In Ezekiel 16:3, Ezekiel tells Jerusalem that her father was an Amorite and her mother was a Hittite. What does this mean? Abraham was not an Amorite, and Sarah was not a Hittite.
Different exegetes have tried to explain this verse. Some focus on the city of Jerusalem, which is, after all, mentioned in the chapter. My HarperCollins Study Bible and Jewish Study Bible both point out that Jerusalem was once a Canaanite city, so Jerusalem was the offspring of Canaanites. My problem with this approach is that it does not really account for other features of the chapter. Ezekiel 16 says that Jerusalem was rejected and forsaken before God decided to raise her as his own and make her beautiful. As far as I know, these things did not happen to the actual city of Jerusalem. When David took it over in 2 Samuel 5 and made it his own city, he did not find it rejected and forsaken. Jebusites liked it enough to live there. Ezekiel 16 probably uses the term "Jerusalem" to mean the entire kingdom of Judah (or the representative of Judah), the same way that prophets use the term "Samaria" for the northern kingdom (see vv 45-46).
Another explanation is that the Amorites and the Hittites preceded the Israelites in the land of Canaan, so they could be called the parents of the Israelites. Maybe, but, again, that does not fit into the theme of Ezekiel 16:1-14: that God found Israel in a pitiful state and chose to love her. The Israelites' bad parents have something to do with that pitiful condition.
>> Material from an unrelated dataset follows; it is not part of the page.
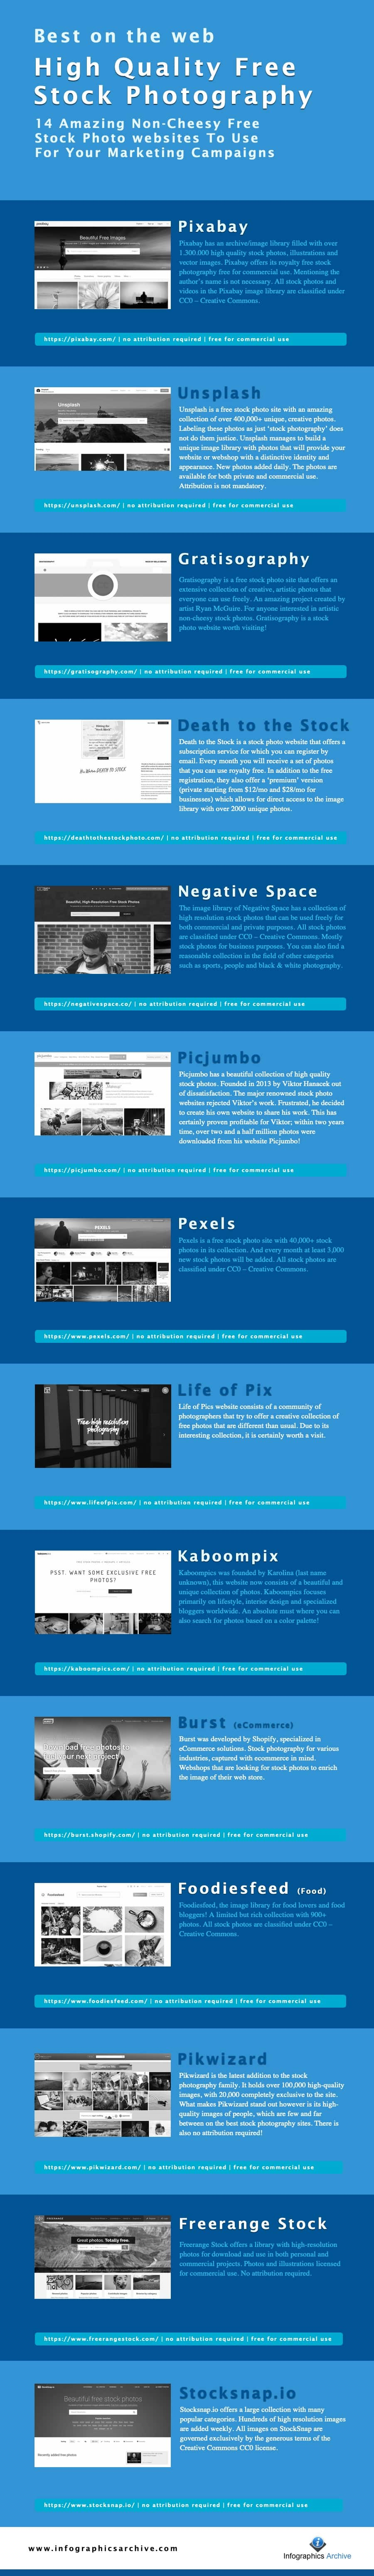 14 amazing free stock photo websites
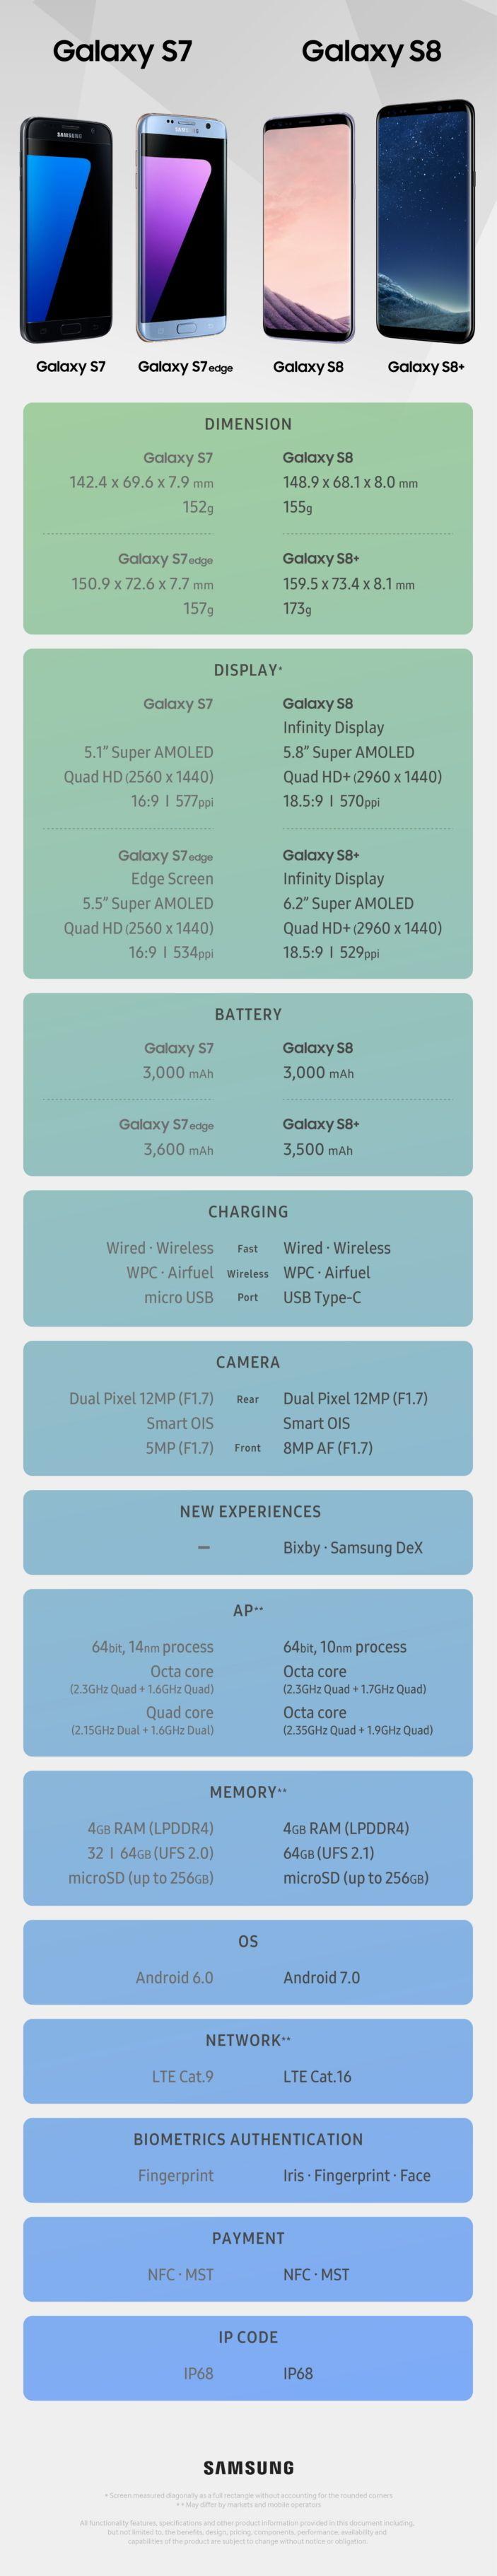 Compare Galaxy S7 vs Galaxy S8 vs Galaxy S7 edge vs Galaxy S8 Plus Specs

The same goes for another popular interpretation, which says that the Israelites were children of the Canaanites in the sense that they imitated Canaanite wickedness. I will call this the spiritual interpretation, since it says that the Israelites were the offspring of the Canaanites in a spiritual, religious, or moral sense. There is some merit to this interpretation, since vv 43-51 condemn Jerusalem's wickedness while calling her the daughter of Canaanites and the sister of Sodom. At the same time, Israel's bad parents cannot relate only to her wickedness in the sixth century B.C.E., when Ezekiel criticized her. In the story that Ezekiel 16 presents, God made Jerusalem beautiful and then she began to decline morally. But, in Ezekiel 16, she was not only the daughter of Canaanites after God made her beautiful. She was the daughter of an Amorite and a Hittite when God first found her in her pitiful condition.
At the moment, the best I can do is to combine the spiritual interpretation with what Ezekiel says about Israel's sojourn in Egypt (prior to the Exodus). According to Ezekiel 20 and 23, Israel was an idolatrous whore even in the land of Egypt. Israel's experience in Egypt resembles what Ezekiel says about Jerusalem in Ezekiel 16: In Egypt, Israel was mistreated, bruised, and despised, until God decided to deliver her and make her his own. When God found Israel in Egypt, Israel was also like an Amorite and a Hittite in terms of her immoral behavior. Still, God showed Israel grace.
Are there any other interpretations that you know?